So, I had some data in a file. It was temporal data. It looked like this:
100 4/15 16:50
143 4/15 16:51
121 4/15 16:52
209 4/15 16:53
105 4/15 16:54
321 4/15 16:55
173 4/15 16:56
205 4/15 16:57
197 4/15 16:58
211 4/15 16:59
But I needed it to be in ISO 8601 format so I could plot it with Timeplot. The data represents hits per minute from an Apache log file. I also needed the time to show up in the first column and the hits in the second column. Here’s what I needed the data to look like:
2008-04-15T16:54 105
2008-04-15T16:55 321
2008-04-15T16:56 173
2008-04-15T16:57 205
2008-04-15T16:58 197
2008-04-15T16:59 211
Well, I knew that the dates I had in the file were from 2008, and all of the other bits are there, just in the wrong format. Here’s what I did to get things in the right format for Timeplot:
:%s/4\//2008-04-/g # search for “4/” and replace it with “2008-04-“
Now my data looks like this:
173 2008-04-15 16:56
But not all of the minutes were two digits for some reason (I don’t remember how I parsed the log to get into this state – it was hurried and… well… wrong). I had times that looked like “17:9” so I had to zero-pad the minutes that were only single digits.

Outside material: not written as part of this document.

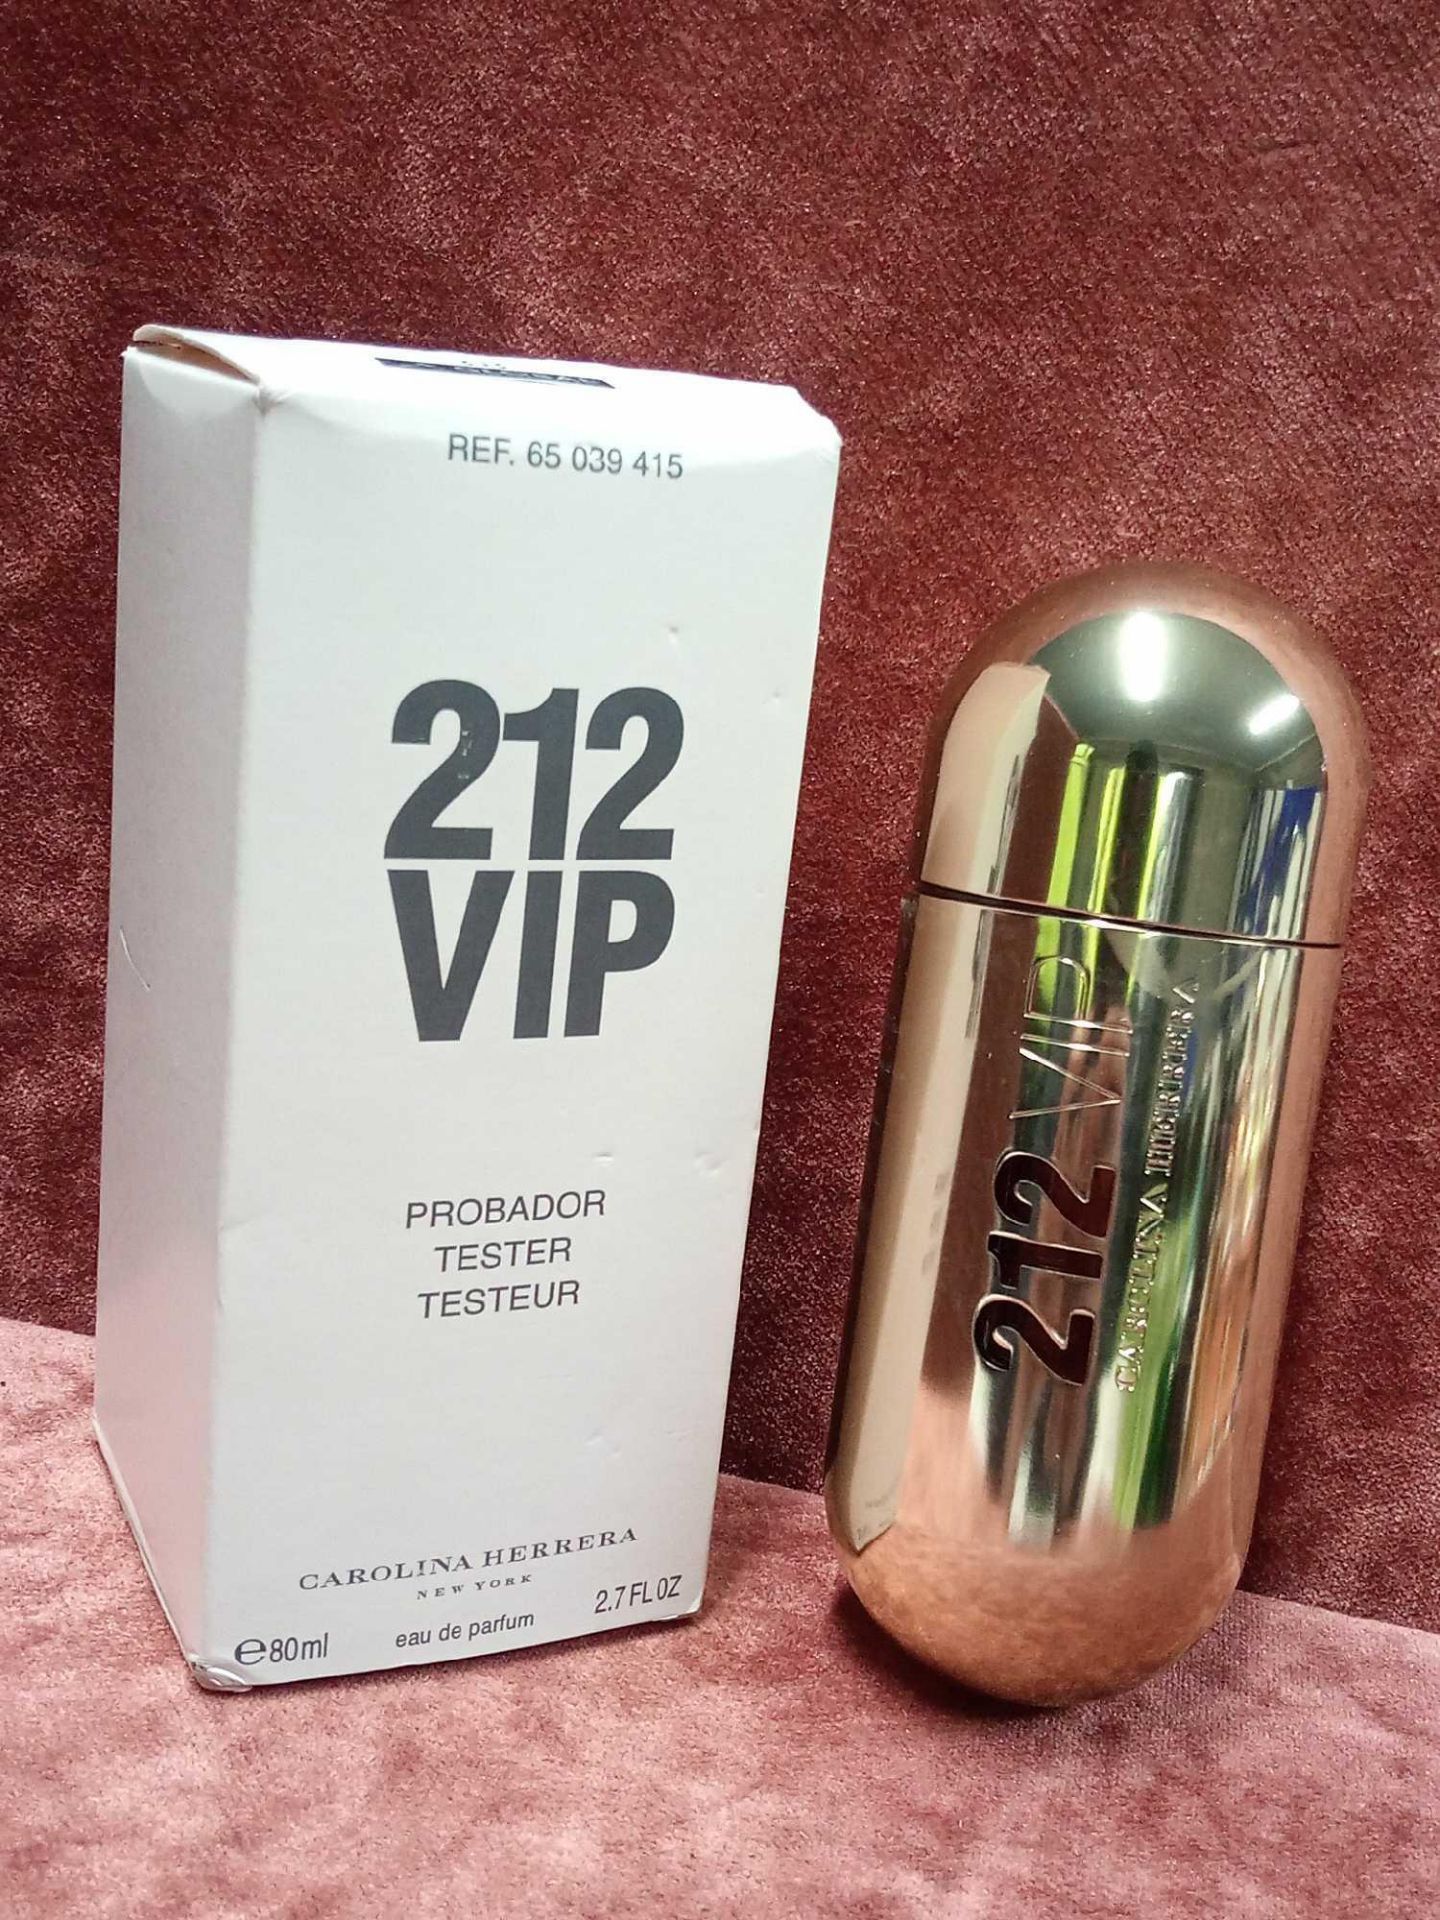 RRP £70 Unboxed 80Ml Tester Bottle Of Carolina Herrera 212 Vip Eau De Parfum Spray - Image 2 of 2

:%s/:\(.\)$/:0\1/g # find “:” followed by some character and the end of the line, and replace that with a “0” followed by whatever that character was.
So now my minutes look right.
144 2008-04-15 16:09
Now I needed to replace spaces between the date and time values with a “T” as per ISO 8601 rules for date and time representations in a single string:
:%s/\(-..\)\s/\1T/g # find a “-” followed by any two characters, followed by a space, and replace it with whatever those two characters were, followed by a “T”.
That worked well.
213 2008-04-15T16:45
At this point I had everything knocked, but I forgot that some of my *hours* were also single digits :-/
:%s/T\(.\):/T0\1:/g # find a “T” followed by a single character, and replace that with “T0” and whatever that character was.
There. That did it. Now I just need to comma-separate the values, which is simple after all of this nonsense:
:%s/ /,/g # c’mon, you get this one, right?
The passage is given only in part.